→ **RECORDS PROVIDED**
□ □ □ □ □ □ □

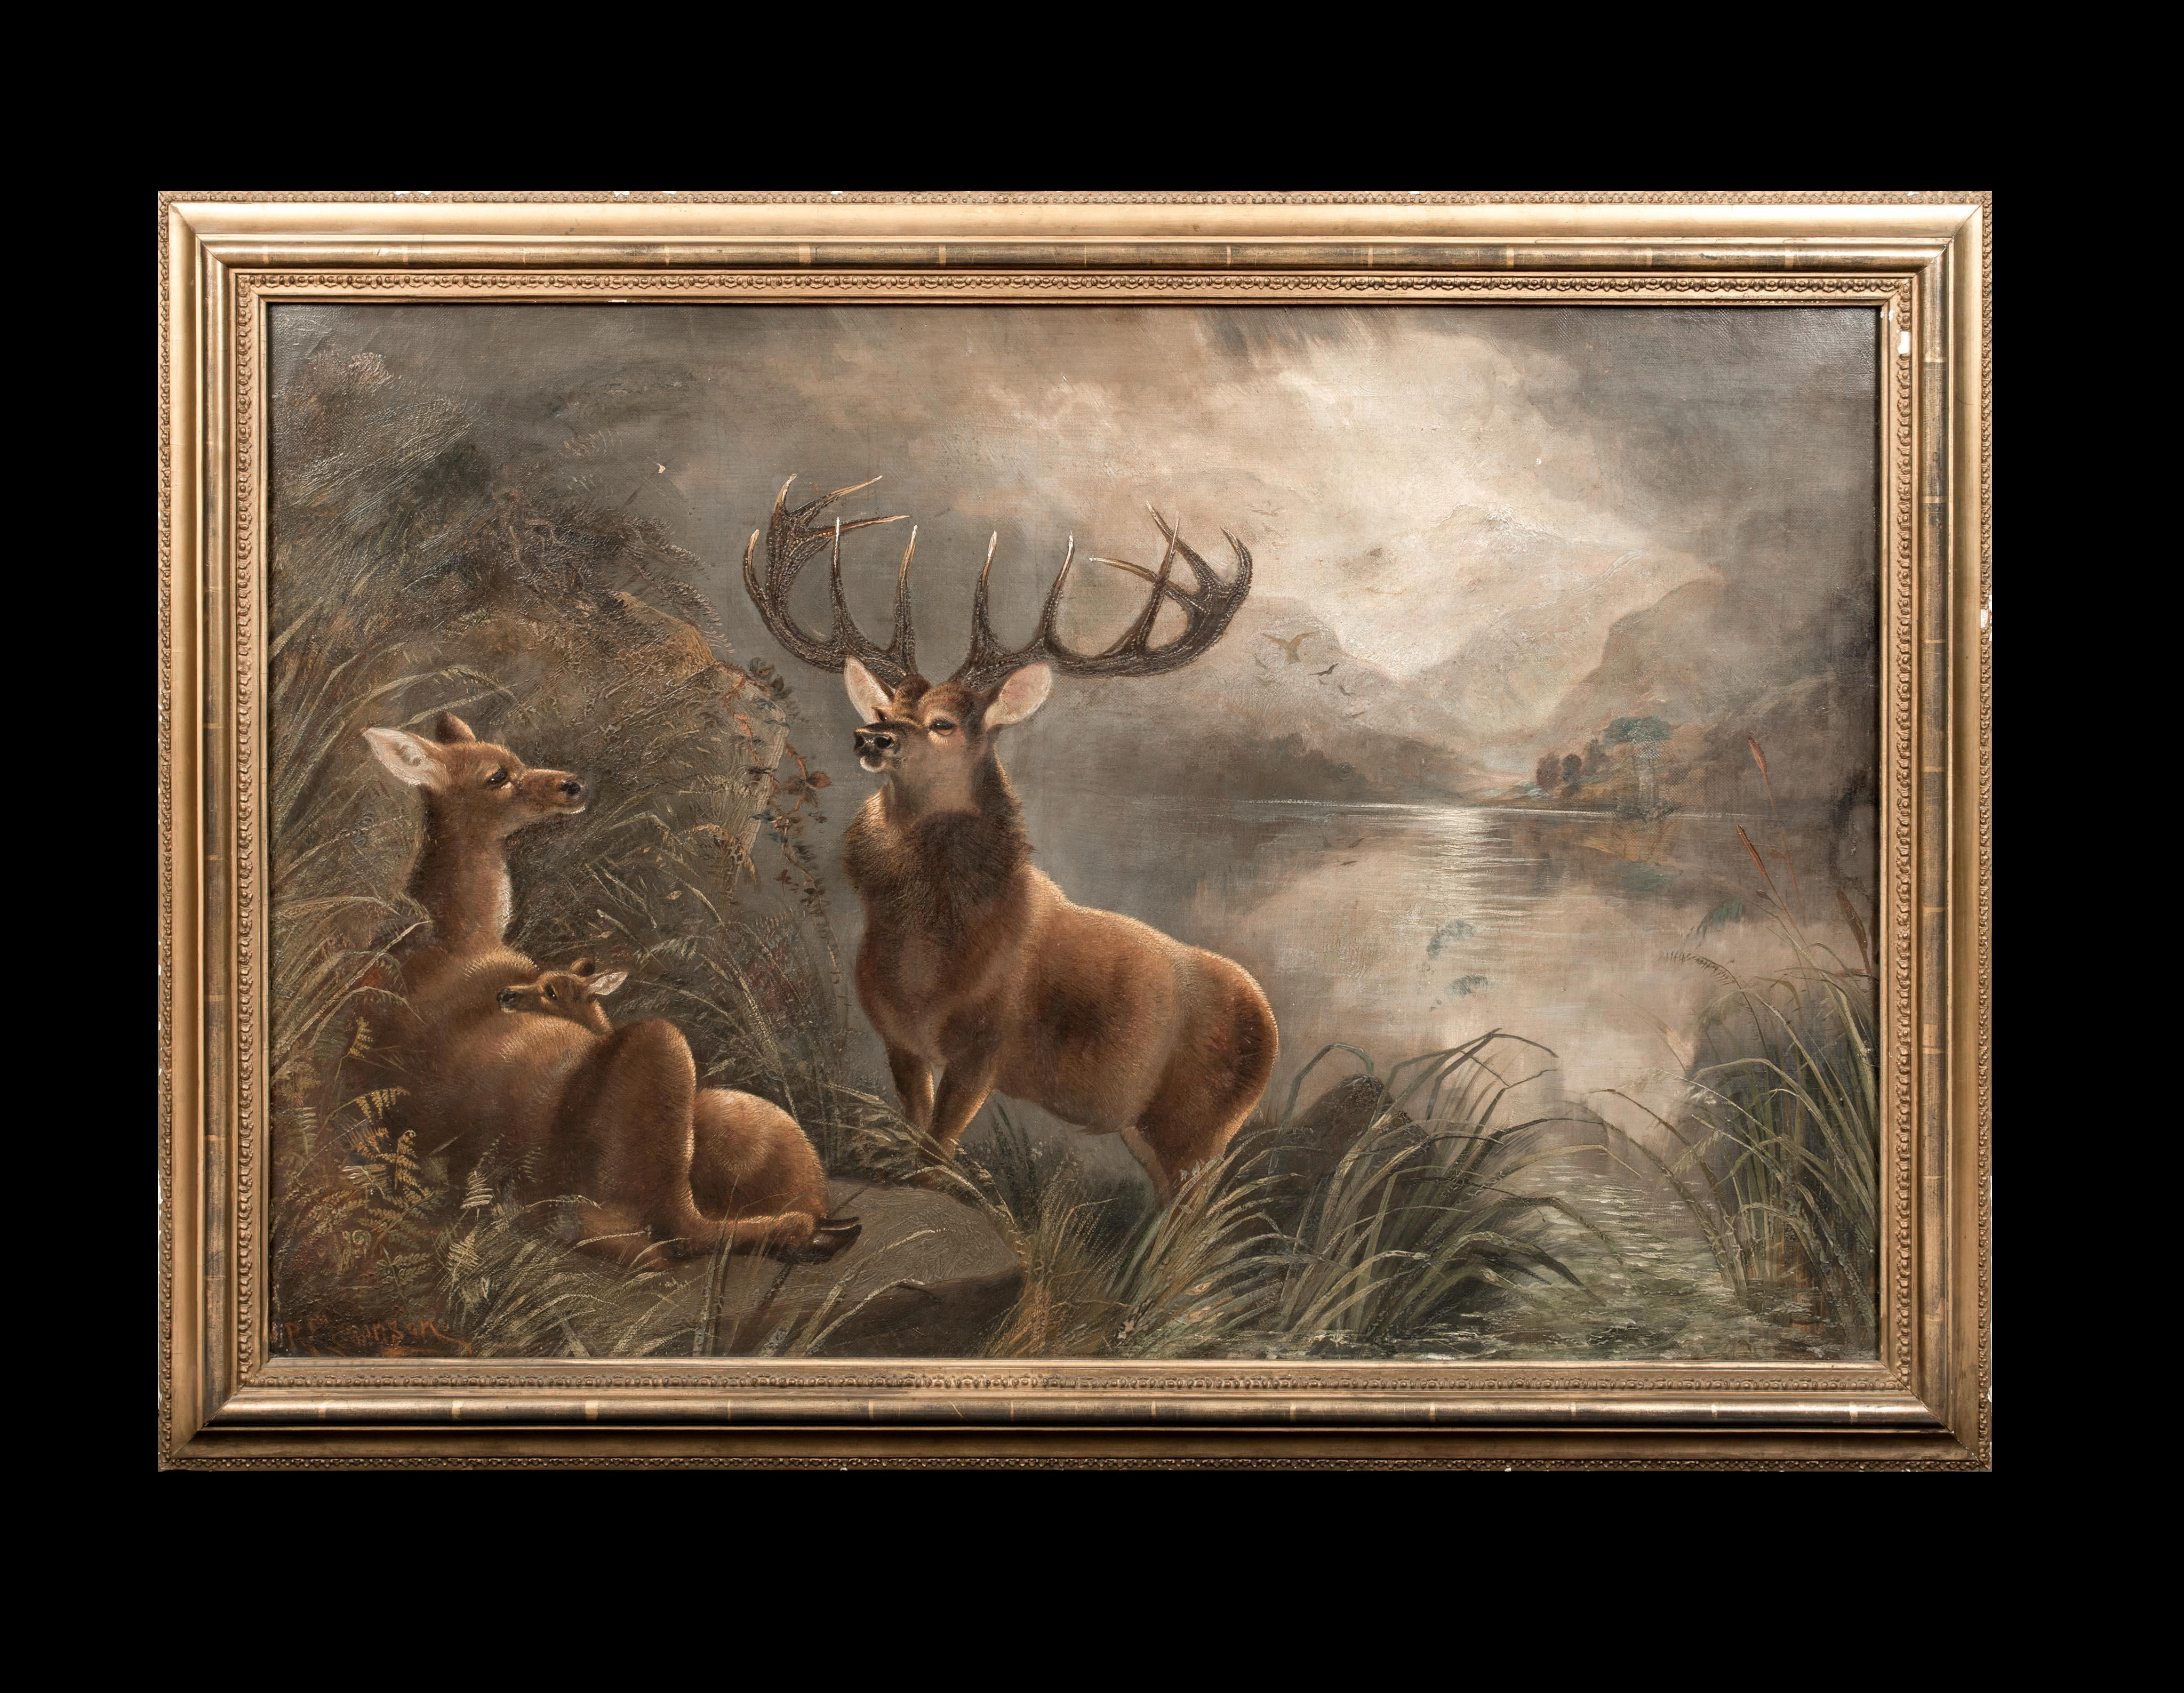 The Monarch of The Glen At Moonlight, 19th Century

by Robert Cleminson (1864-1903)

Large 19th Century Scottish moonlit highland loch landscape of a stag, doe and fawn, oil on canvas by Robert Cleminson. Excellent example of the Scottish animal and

□ □ □ □ □ □ □

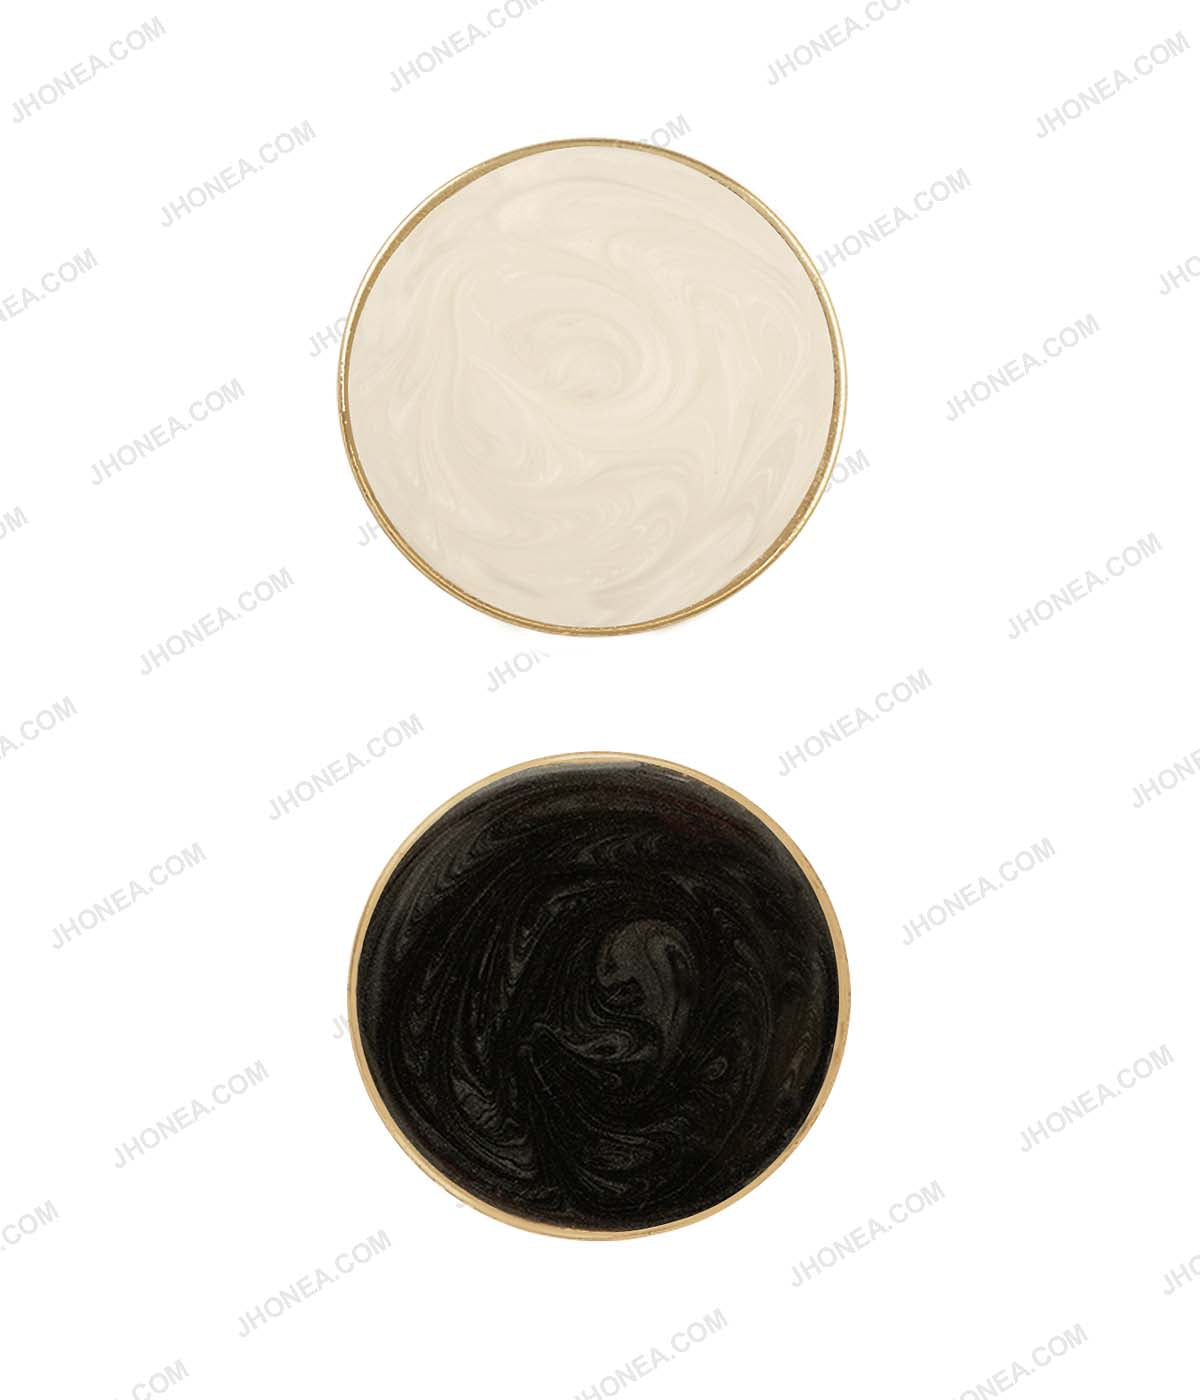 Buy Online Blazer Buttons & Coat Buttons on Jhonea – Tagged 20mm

□ □ □ □ □ □ □

→ **REQUIREMENT**
Only the lines above starting at the one containing "by Robert Cleminson (1864-1903)" and ending at the one containing "Large 19th Century", both included, are to be returned, exactly as they read.

→ **OUTPUT OF THE EXERCISE**
by Robert Cleminson (1864-1903)

Large 19th Century Scottish moonlit highland loch landscape of a stag, doe and fawn, oil on canvas by Robert Cleminson. Excellent example of the Scottish animal and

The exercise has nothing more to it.